But at this time, we will have two problems: first, the mass of the object cannot be 0. If 0 is set, it will lead to an error in the quality setting; Second, for some objects, we need them to have infinite mass, such as ground and wall. We need them to remain fixed in the game scene. On the one hand, 0 is not allowed, and on the other hand, infinity is difficult to set. What should we do?

In game physics, a concept called inverse mass is proposed, which skillfully solves this problem.
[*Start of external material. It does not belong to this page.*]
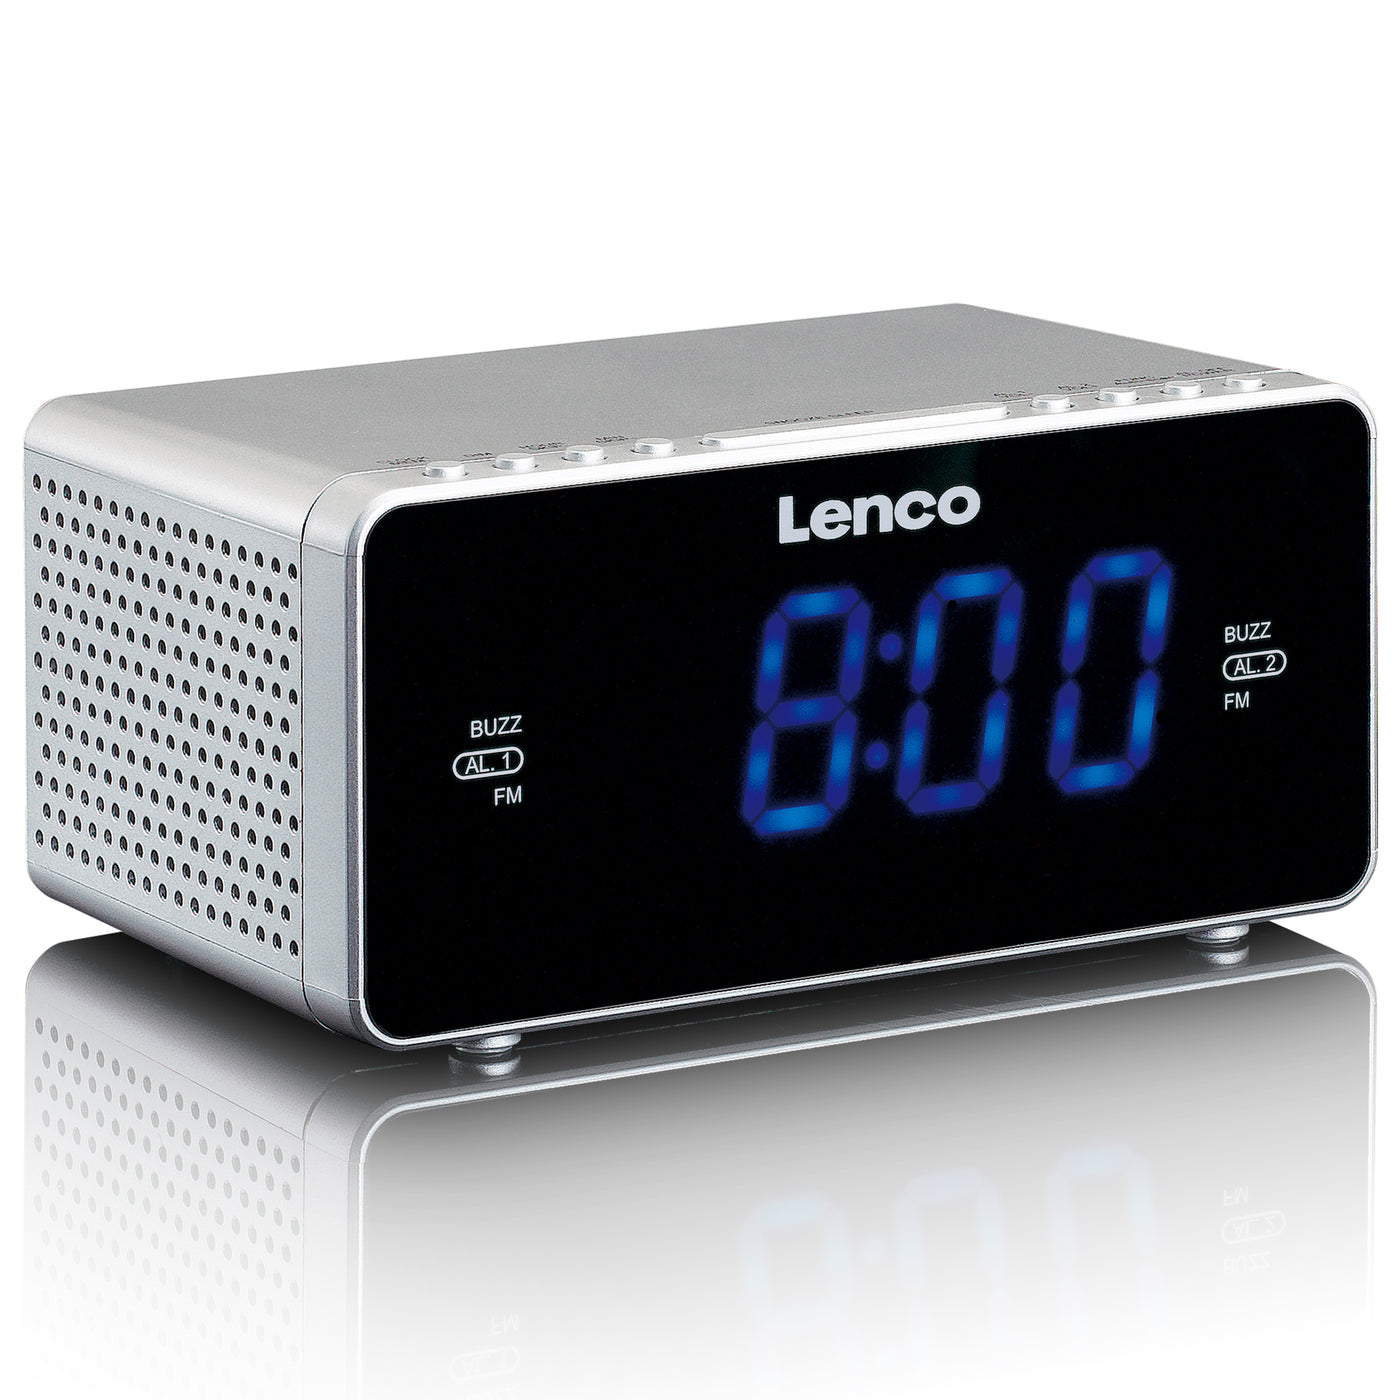 LENCO CR-520SI - Radiobudzik stereofoniczny FM z portem USB - Srebrny

The inverse mass is actually the reciprocal of the mass, that is $\ frac {1} {m} $. In this way, we only need to set the inverse mass of the object to be fixed to 0 to make its mass infinite, and avoid setting the mass to 0.

```
class GameObj {
Inversemess: number // quality must not be 0
constructor(inverseMess?: number) {
if (inverseMess >= 0) {
this.inverseMess = inverseMess
}
}
setInverseMess (inverseMess: number) {
if (inverseMess >= 0) {
this.inverseMess = inverseMess
}
}
}
```

### epilogue

So far, the most basic mathematical and physical knowledge we need has been successfully injected into the physics engine, but this is only the cornerstone of a physics engine. On this basis, we have to add a variety of things, such as gravity, resistance, momentum, angular momentum, collision and so on. There is still a long way to go, and I will show them one by one in this series.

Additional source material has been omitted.